The public started to see test scores that appeared to be less than desirable even though what and who was being tested and the format of the testing was in constant flux.
The public started to see “school performance grades” that did nothing more than track how poverty affected student achievement. The “schools were failing” to actually help cover up what lawmakers were refusing to do to help people before they even had a chance to succeed in the classroom.
The teaching profession was beginning to be shaped by a business model that does not discern a public service from a profit minded investment scheme which changed a profession of professionals into one that favors short term contractors.
But there are two large indicators that voters in North Carolina should really pay attention to when it comes to the NCGA’s relentless pursuit to quell their fears of a well-educated general public – money spent per pupil and tuition costs to state supported universities.
Below is one of many different data tables that shows how willfully the NCGA has made sure to keep public schools from thriving (from the NC Justice Center’s July 2016 analysis) BEFORE THE PANDEMIC.

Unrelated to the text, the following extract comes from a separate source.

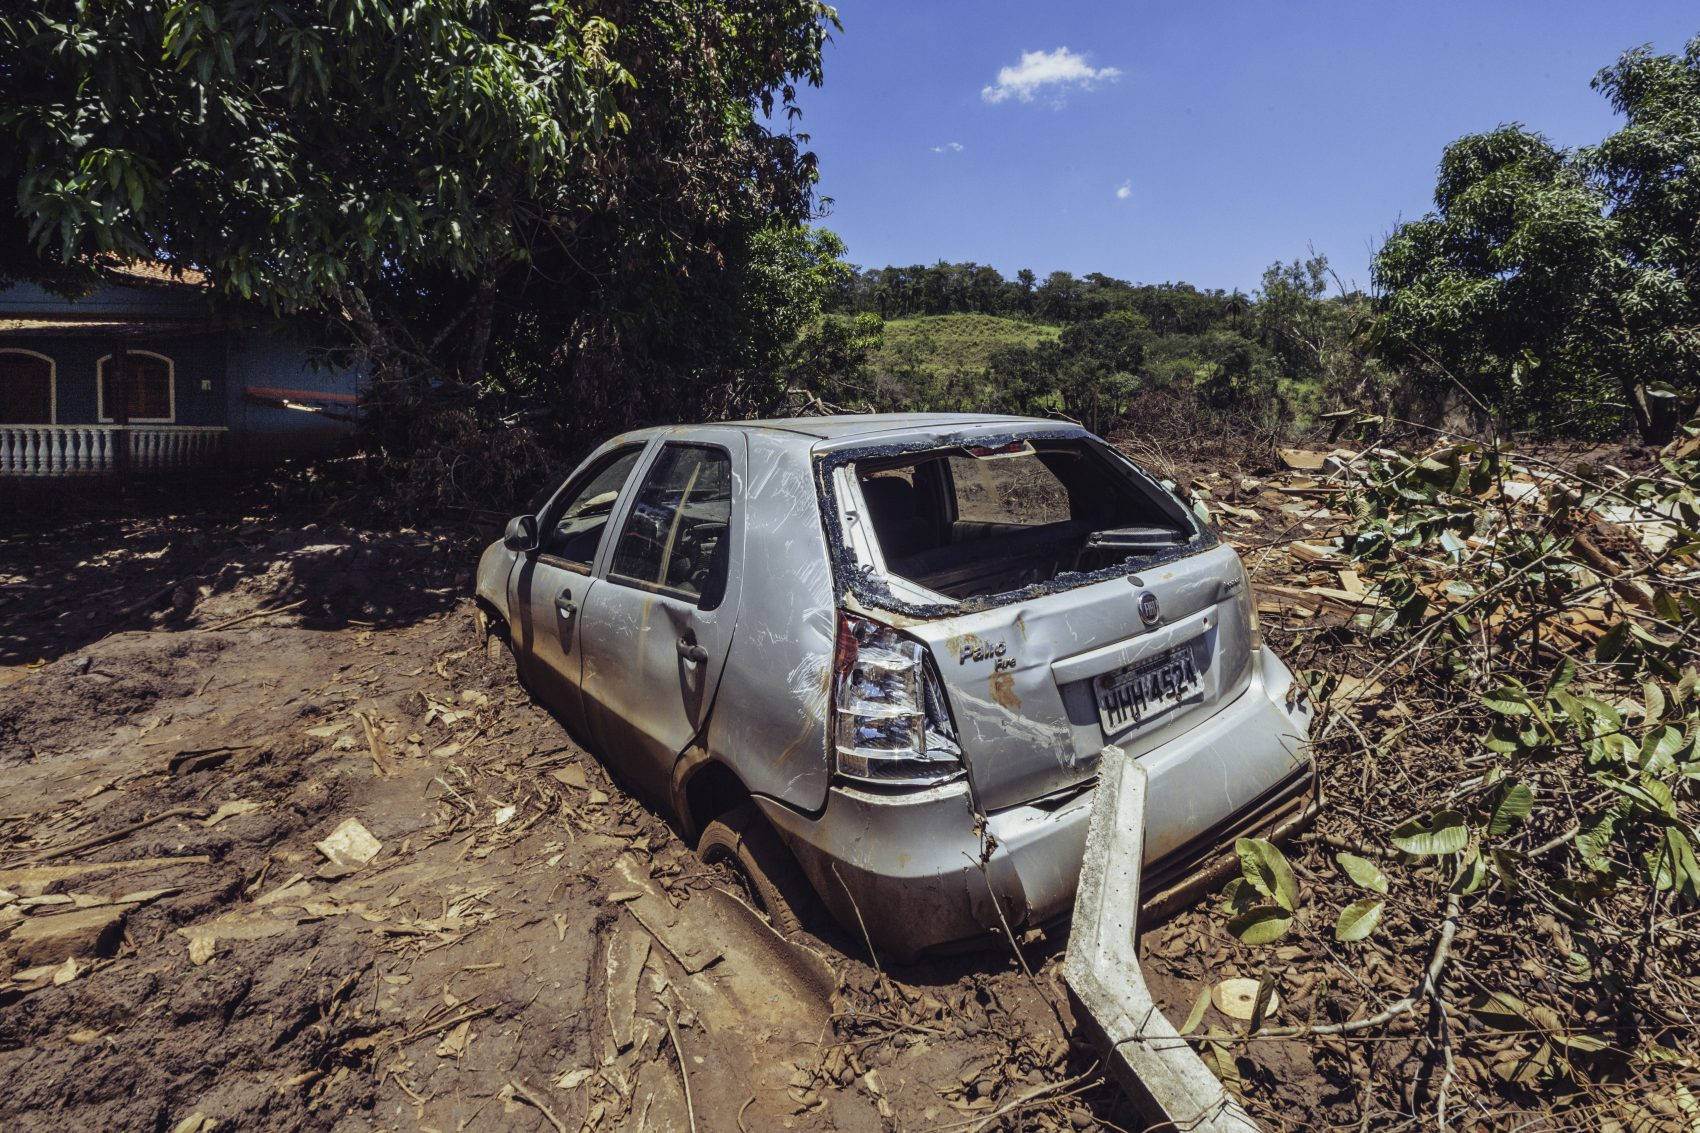 Carro arrastado pela lama tóxica (Foto: Andre Mantelli)

And how that per pupil expenditure truly affects schools becomes even clearer when you read reporting that clearly shows how funds are used (and stretched) by school systems.
Furthermore, resources get more expensive over time.

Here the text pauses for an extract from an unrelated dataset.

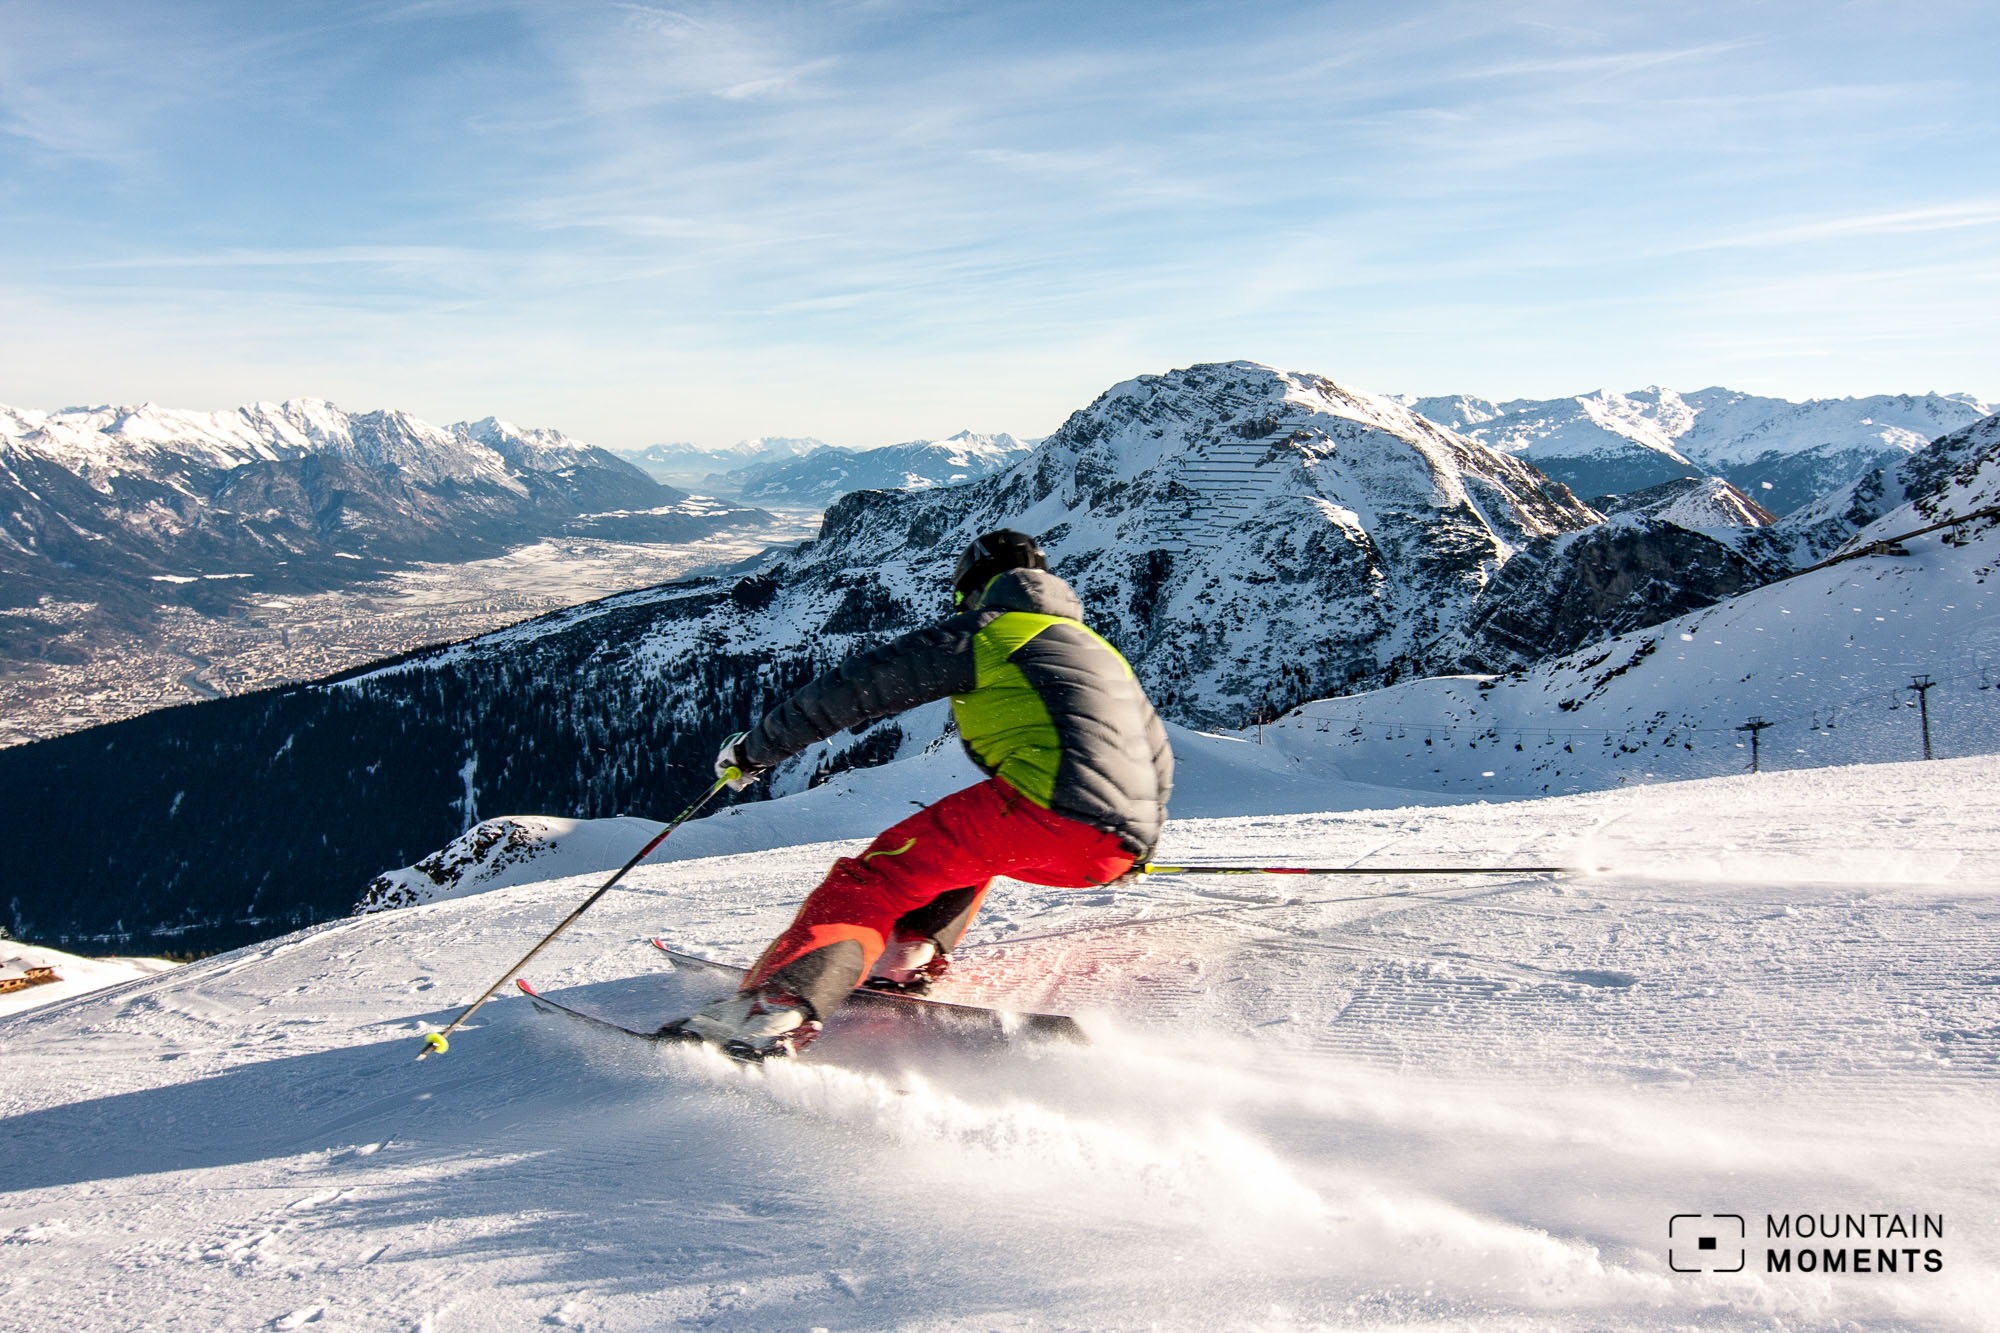 Skigebiet Axamer Lizum: Das abwechslungsreiche Skigebiet Nahe an der Stadt Innsbruck.

Now, NC ranks 44th in the nation in overall per-pupil spending
The Pew Research Center for U.S. Politics & Policy conducted a 2017 national survey on the attitudes on whether higher education has had a positive or negative effect on our country (http://www.people-press.org/2017/07/10/sharp-partisan-divisions-in-views-of-national-institutions/). It’s rather disturbing.
More disturbing is that it is not surprising. That trend is still happening in 2022.
Inside Higher Ed highlighted the Pew survey. Paul Fain in his report opened up with this:
“In dramatic shift, more than half of Republicans now say colleges have a negative impact on the U.S., with wealthier, older and more educated Republicans being least positive”(https://www.insidehighered.com/news/2017/07/11/dramatic-shift-most-republicans-now-say-colleges-have-negative-impact).
Might want to see who controls policy in Raleigh.
And those “wealthier, older, and more educated Republicans” who are in control in Raleigh have also enabled state-supported colleges and universities to become more expensive.
At the beginning of 2017 year, WUNC published a report called “Incoming UNC Students Likely To See Tuition Increase” (http://wunc.org/post/incoming-unc-students-likely-see-tuition-increase#stream/0). In it there is a data table that shows the steady and steep increase in tuition costs for UNC undergraduate resident tuition.
And yes, maybe we are still a bargain compared to other states, but that is an over 70% increase (over that span of time) which does not include housing, board, food, supplies, books, travel, and all of the other expenses sure to accompany a college experience.
Go see what it is in the 2022-2023 school year. It’s just gotten higher. I know. I have a daughter in a public university.
Is it supposed to make sense that rising tuition costs should accompany lower per-pupil expenditure in public secondary schools all the while boasting of a state surplus in a state that currently has racially gerrymandered legislative districts and an increased investment in a rather robust effort to privatize public schools?
Apparently “yes” to many in Raleigh.
Which is why they say “no” so often to people.